Epidural Abscess in the Lumbar Spine: A Single Institution's Experience With Nonsurgical and Surgical Management.
J Surg Orthop Adv. 2019;28(3):224-231
Authors: Berwick BW, Luo TD, Sun KW, Sharp RA, Birkedal JP, O'Gara TJ
The purpose of this study was to compare patient factors and outcomes in conservatively and surgically treated patients with spinal epidural abscess (SEA). This was a single-center retrospective review of adult patients treated for SEA of the lumbar spine. Primary treatment outcome was readmission for recurrent abscess. Sixty-one patients met inclusion criteria: 59% male, mean age 56.9 years, and body mass index 30.8 kg/m2. Initially 47.5% of patients were treated with conservative measures and 52.5% were treated with surgery.
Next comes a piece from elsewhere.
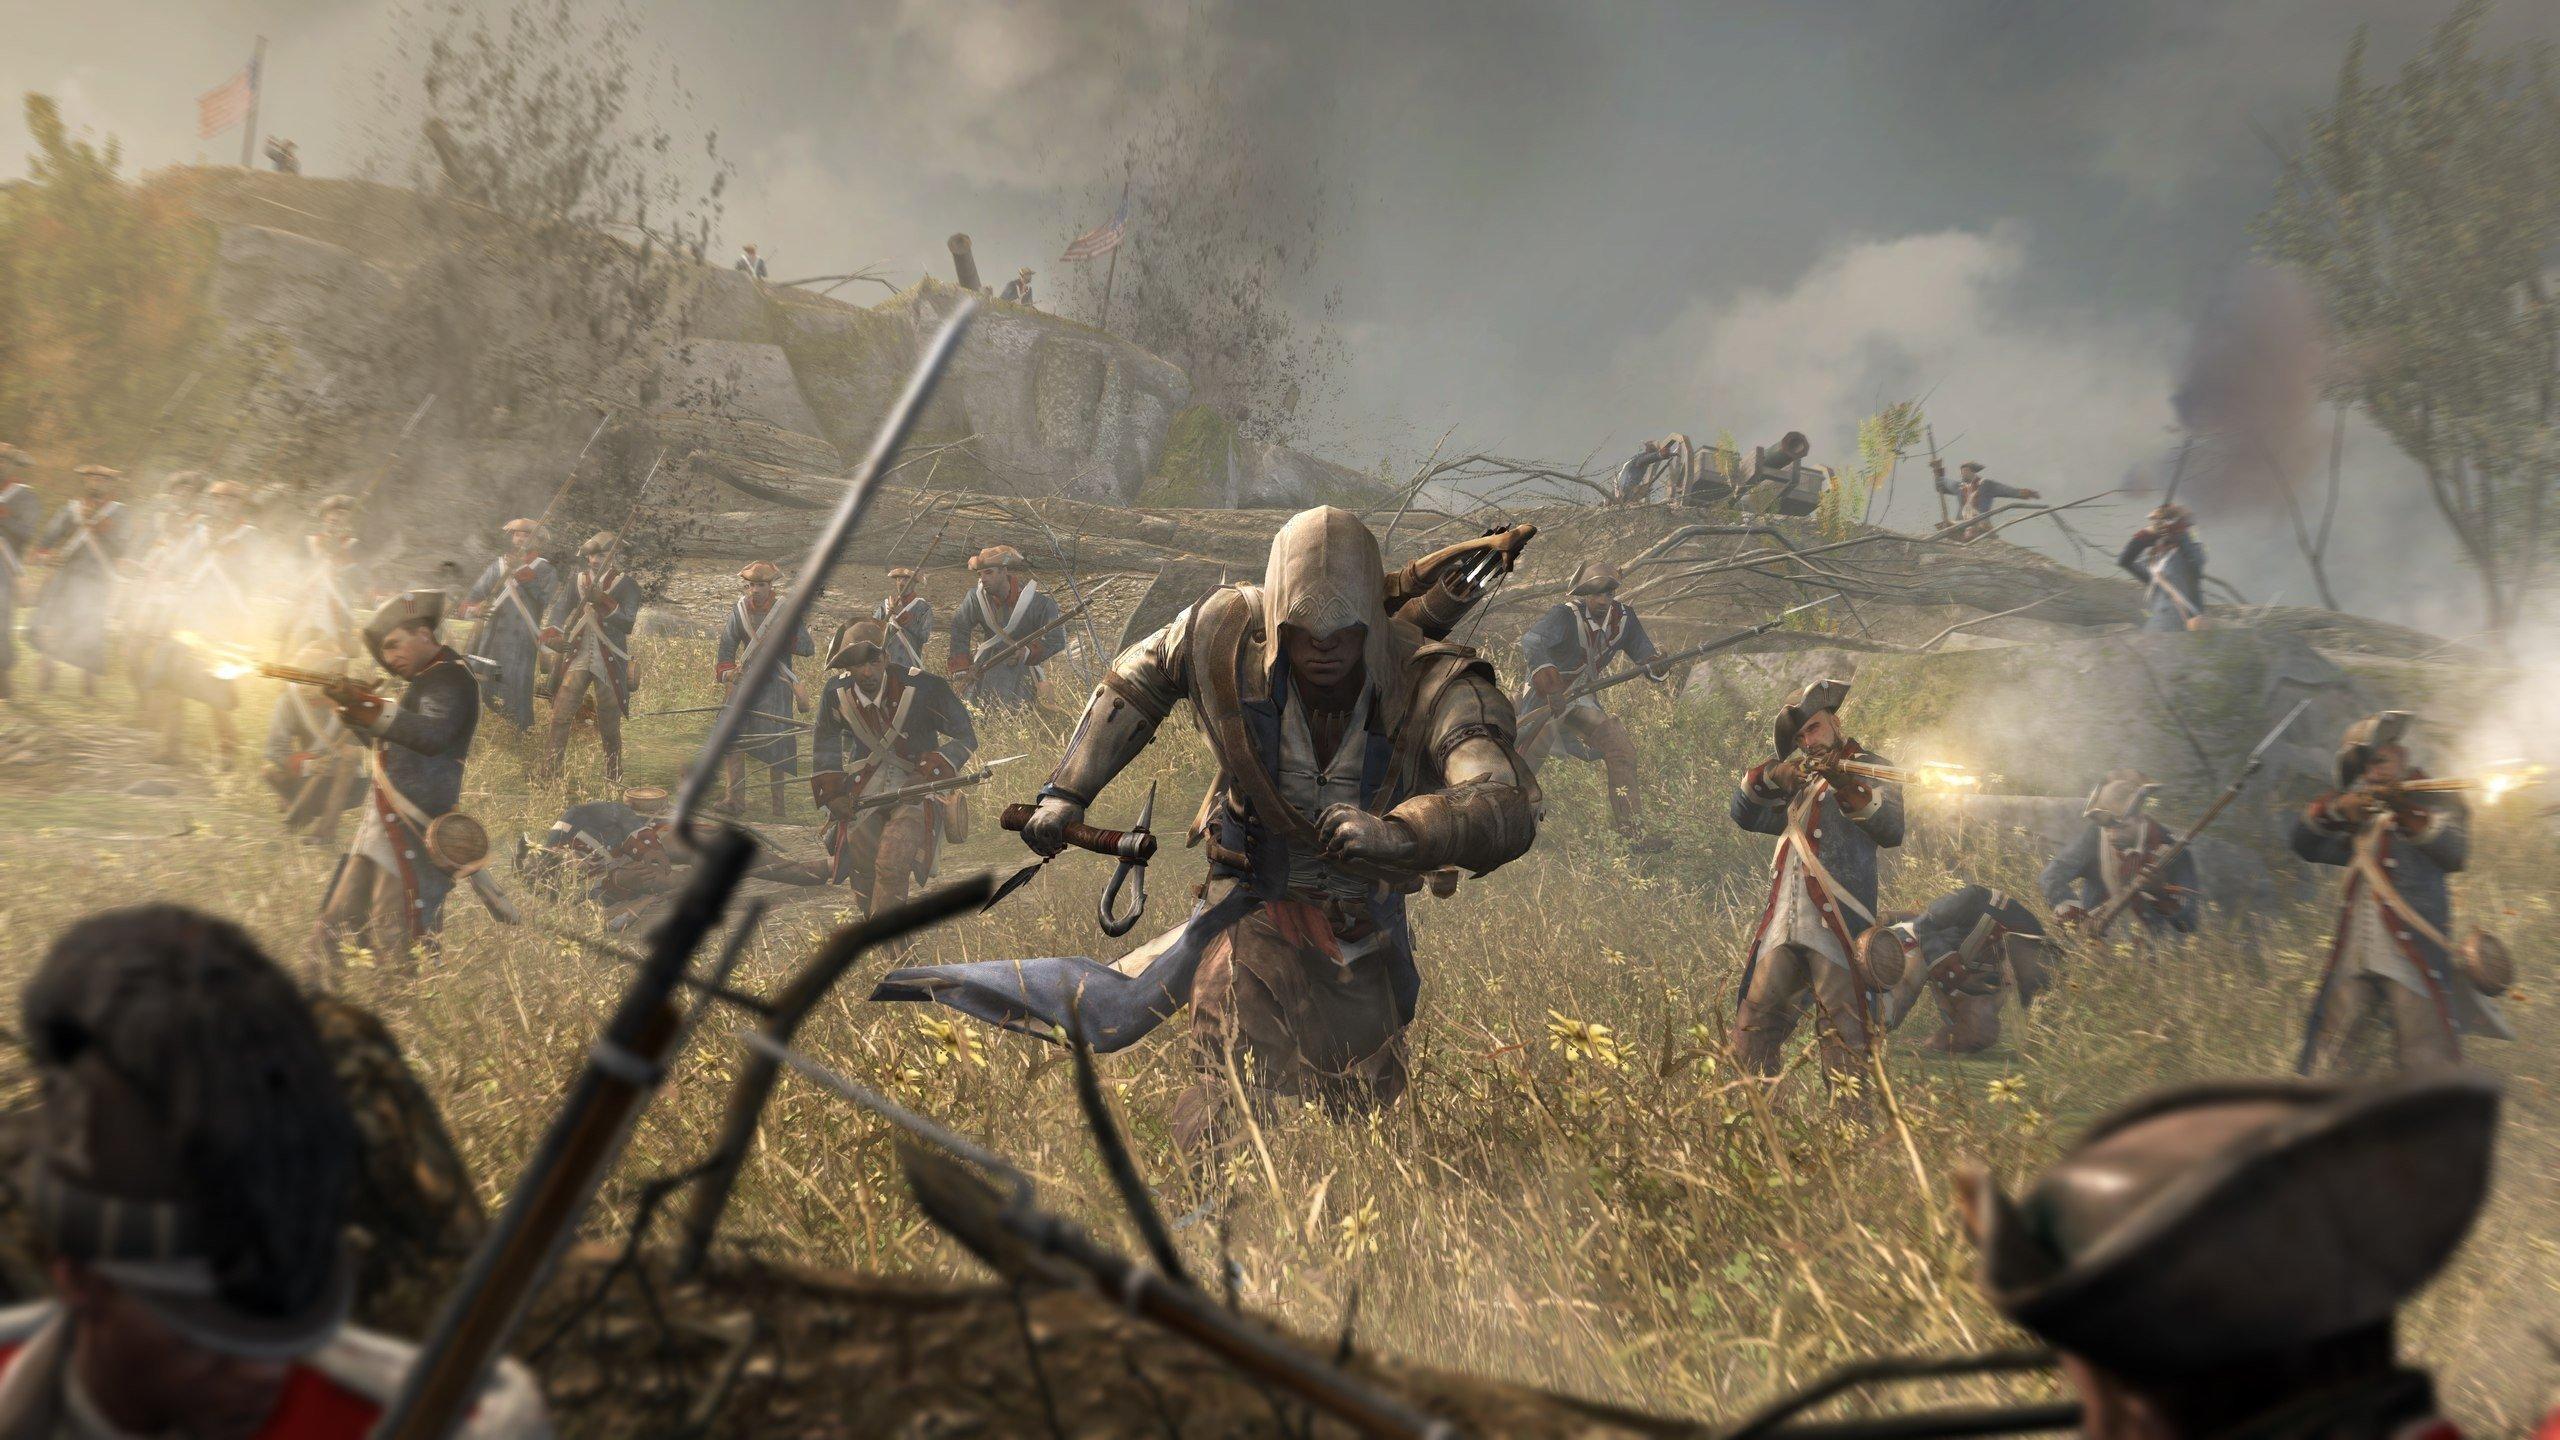 Free Download Download Assassins Creed 3 Wallpaper Id447307 Hd

In the conservative group, 31.0% failed treatment and underwent delayed surgery; 26.2% of the overall cohort was readmitted for SEA. Readmitted patients had a greater incidence of history of methicillin-resistant Staphylococcus aureus (p = .048), recurrent infections (p = .008), and recent sepsis and bacteremia (p = .005). Nearly one-third of patients failed initial conservative treatment and needed delayed surgery; however, no significant differences were found between the two treatment groups. Patients with a past history of infections may require more aggressive treatment and closer follow-up, because they are at higher risk for recurrence and readmission. (Journal of Surgical Orthopaedic Advances 28(3):224-231, 2019).